One Museum Park is a skyscraper in Chicago, United States.   It was designed by Chicago-based architecture firm Pappageorge Haymes, Ltd. and is located in the Near South Side community area.

Overview

One Museum Park is the second-tallest building in the Central Station development, on the south side of Chicago and south of Van Buren Street (NEMA Chicago is the current tallest). It is also the third tallest all-residential building in Chicago after the Legacy at Millennium Park and NEMA Chicago.

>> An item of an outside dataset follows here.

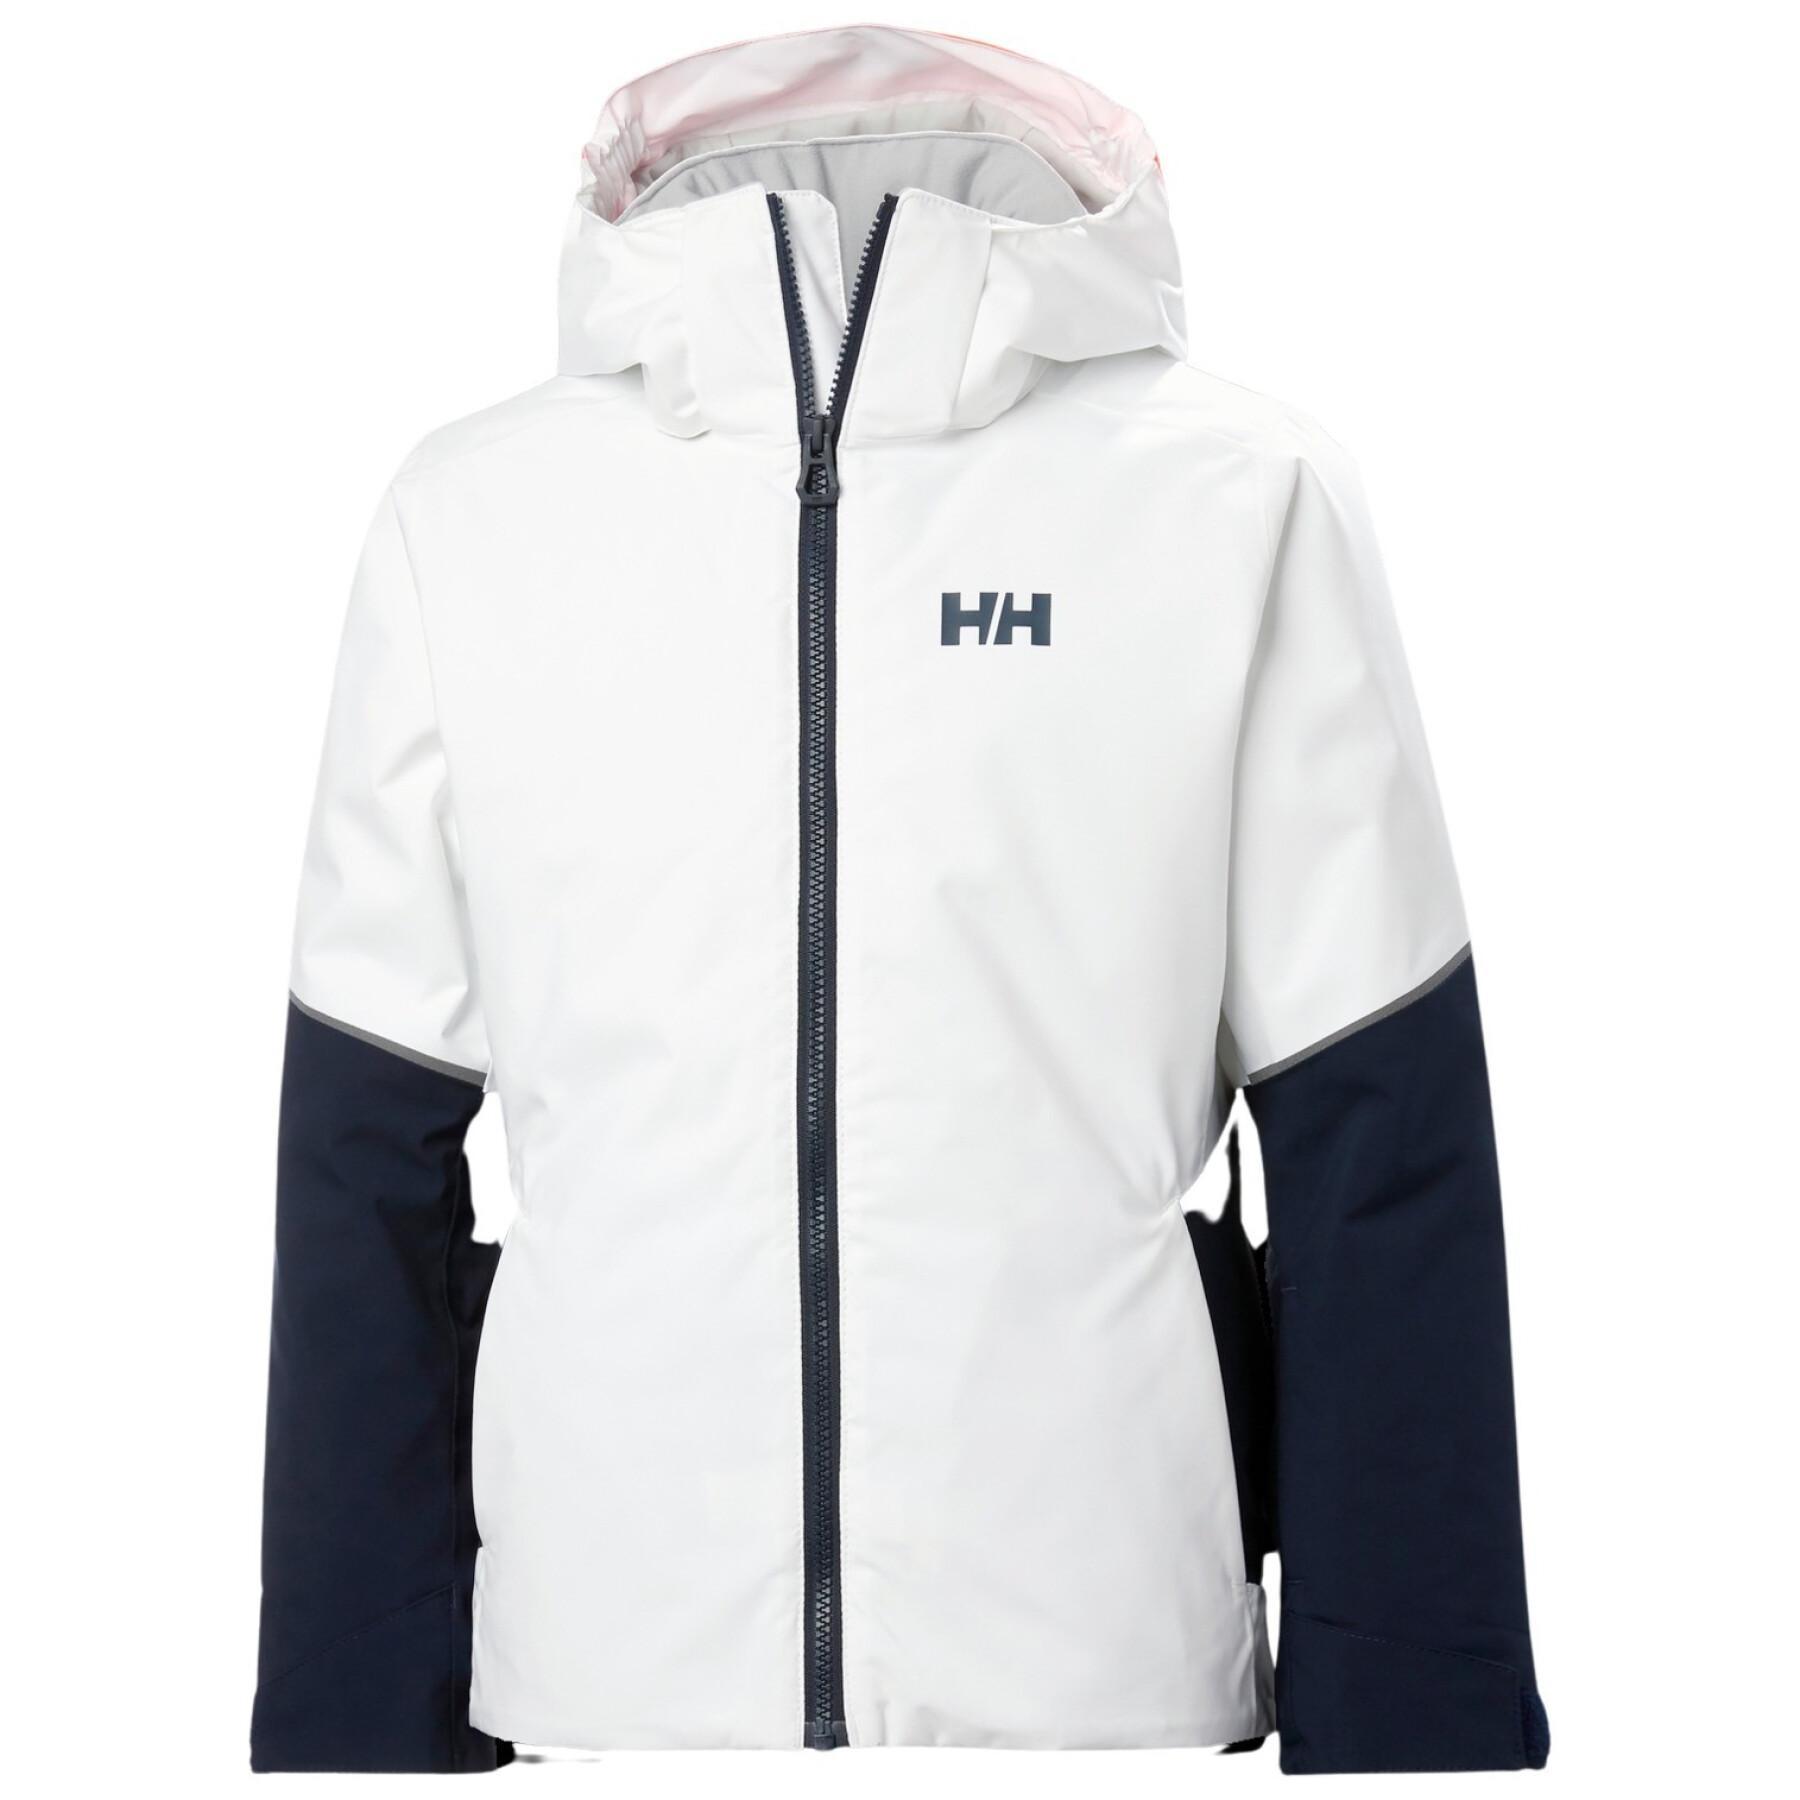 Children's ski jacket Helly Hansen Jewel

Museum Park is a complex of multiple residential towers within the Central Station development at the southern edge of Grant Park, across Lake Shore Drive from Chicago's Museum Campus. Construction of One Museum Park was followed by the 54-story The Grant (formerly One Museum Park West), directly to the west at the corner of Roosevelt Road and Indiana Avenue.

Education
The building is zoned to schools in the Chicago Public Schools.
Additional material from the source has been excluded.